More than two dozen rail crossings across the City of Abbotsford will receive upgrades over the coming years, and eight in the city’s urban core will see improvements to allow trains to stop whistling on every approach.

Last Monday, council approved staff’s plan to apply to the federal government for funding and commit to upgrading 27 different crossings over the next three years.

New rules require rail companies and local jurisdictions to ensure crossings across the country meet federal standards by November 2021. A report for the city has found that fewer than half of the 52 crossings in the city meet federal standards.

Upgrading the crossings is expected to cost the city $1.1 million, although federal funding for up to 80 per cent of the cost is available. Another 14 crossings must be upgraded by the rail companies at no cost to the city.

Further upgrades to eight crossings that will allow trains to pass without being required to sound their whistles every time is expected to cost an additional $1.8 million.

The move would ensure all crossings through the city’s urban development area meet whistle cessation standards. Rail companies will themselves pay to improve four more crossings to whistle cessation standards in 2019.

Improving 21 other crossings in rural areas would cost the city at least another $5.5 million and is not recommended.

A staff report recommends the improvements “to further improve safety and quality of life” in the urban areas.
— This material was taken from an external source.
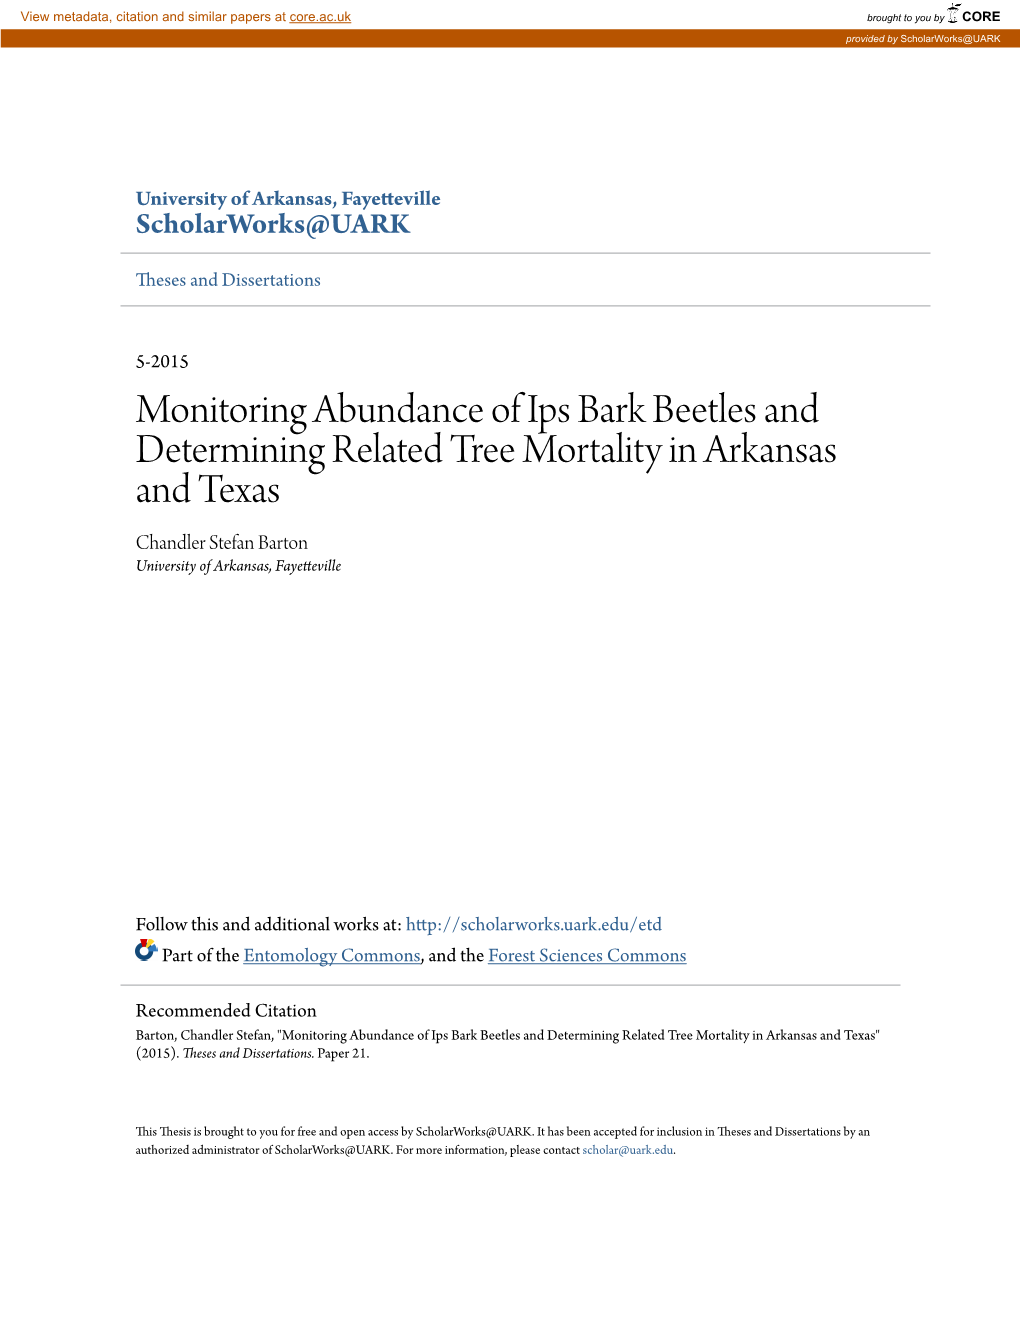 Monitoring Abundance of Ips Bark Beetles and Determining Related Tree Mortality in Arkansas and Texas Chandler Stefan Barton University of Arkansas, Fayetteville

Those upgrades – which would include flashing lights, bells and, possibly, gates – would not be eligible for funding.

The improvements wouldn’t completely silence trains, however, as they still retain the right to whistle at crossings when needed.

“This will go a long way to reducing some of the air horns we hear from the trains in the middle of the night,” Mayor Henry Braun said.

Of the eight crossings requiring improvement, seven are along the SRY line that runs from the border north through the city’s core then, from Clayburn road, west toward Langley. They are at crossings on: Valley Road; Industrial Avenue; Enterprise Avenue; Turner Street; Morey Avenue; 4th Avenue; 2nd Avenue. The other is the CPR crossing at Valley Road.